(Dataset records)
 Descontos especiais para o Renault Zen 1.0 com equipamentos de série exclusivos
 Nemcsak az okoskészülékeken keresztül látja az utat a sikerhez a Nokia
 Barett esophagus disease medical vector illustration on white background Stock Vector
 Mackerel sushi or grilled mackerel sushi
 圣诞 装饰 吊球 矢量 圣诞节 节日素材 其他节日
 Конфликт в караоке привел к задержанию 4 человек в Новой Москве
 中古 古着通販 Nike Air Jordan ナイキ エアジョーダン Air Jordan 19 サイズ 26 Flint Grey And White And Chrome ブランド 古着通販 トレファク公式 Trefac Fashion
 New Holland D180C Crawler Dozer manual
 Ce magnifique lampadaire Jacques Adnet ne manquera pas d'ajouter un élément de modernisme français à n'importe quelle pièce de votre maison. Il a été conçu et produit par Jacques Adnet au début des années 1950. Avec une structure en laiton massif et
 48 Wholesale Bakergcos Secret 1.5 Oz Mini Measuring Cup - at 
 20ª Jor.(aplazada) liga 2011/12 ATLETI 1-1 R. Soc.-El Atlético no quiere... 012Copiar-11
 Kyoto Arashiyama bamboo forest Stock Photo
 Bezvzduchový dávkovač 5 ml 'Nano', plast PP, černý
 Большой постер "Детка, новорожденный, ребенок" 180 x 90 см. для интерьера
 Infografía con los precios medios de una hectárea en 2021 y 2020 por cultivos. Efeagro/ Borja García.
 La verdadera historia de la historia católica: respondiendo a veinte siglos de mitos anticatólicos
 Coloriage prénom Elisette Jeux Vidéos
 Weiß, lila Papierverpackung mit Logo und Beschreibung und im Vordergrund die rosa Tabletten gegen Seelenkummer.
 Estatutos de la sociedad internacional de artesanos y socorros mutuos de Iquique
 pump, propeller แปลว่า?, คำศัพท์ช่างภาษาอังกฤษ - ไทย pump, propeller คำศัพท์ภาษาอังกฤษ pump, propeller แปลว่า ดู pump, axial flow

▸ What you will do
Above are the records; repeat exactly the lines from the one holding "圣诞 装饰 吊球 矢量 圣诞节 节日素材 其他节日" down to the one holding "20ª Jor.(aplazada) liga", end lines included.

▸ Solution to this exercise
 圣诞 装饰 吊球 矢量 圣诞节 节日素材 其他节日
 Конфликт в караоке привел к задержанию 4 человек в Новой Москве
 中古 古着通販 Nike Air Jordan ナイキ エアジョーダン Air Jordan 19 サイズ 26 Flint Grey And White And Chrome ブランド 古着通販 トレファク公式 Trefac Fashion
 New Holland D180C Crawler Dozer manual
 Ce magnifique lampadaire Jacques Adnet ne manquera pas d'ajouter un élément de modernisme français à n'importe quelle pièce de votre maison. Il a été conçu et produit par Jacques Adnet au début des années 1950. Avec une structure en laiton massif et
 48 Wholesale Bakergcos Secret 1.5 Oz Mini Measuring Cup - at 
 20ª Jor.(aplazada) liga 2011/12 ATLETI 1-1 R. Soc.-El Atlético no quiere... 012Copiar-11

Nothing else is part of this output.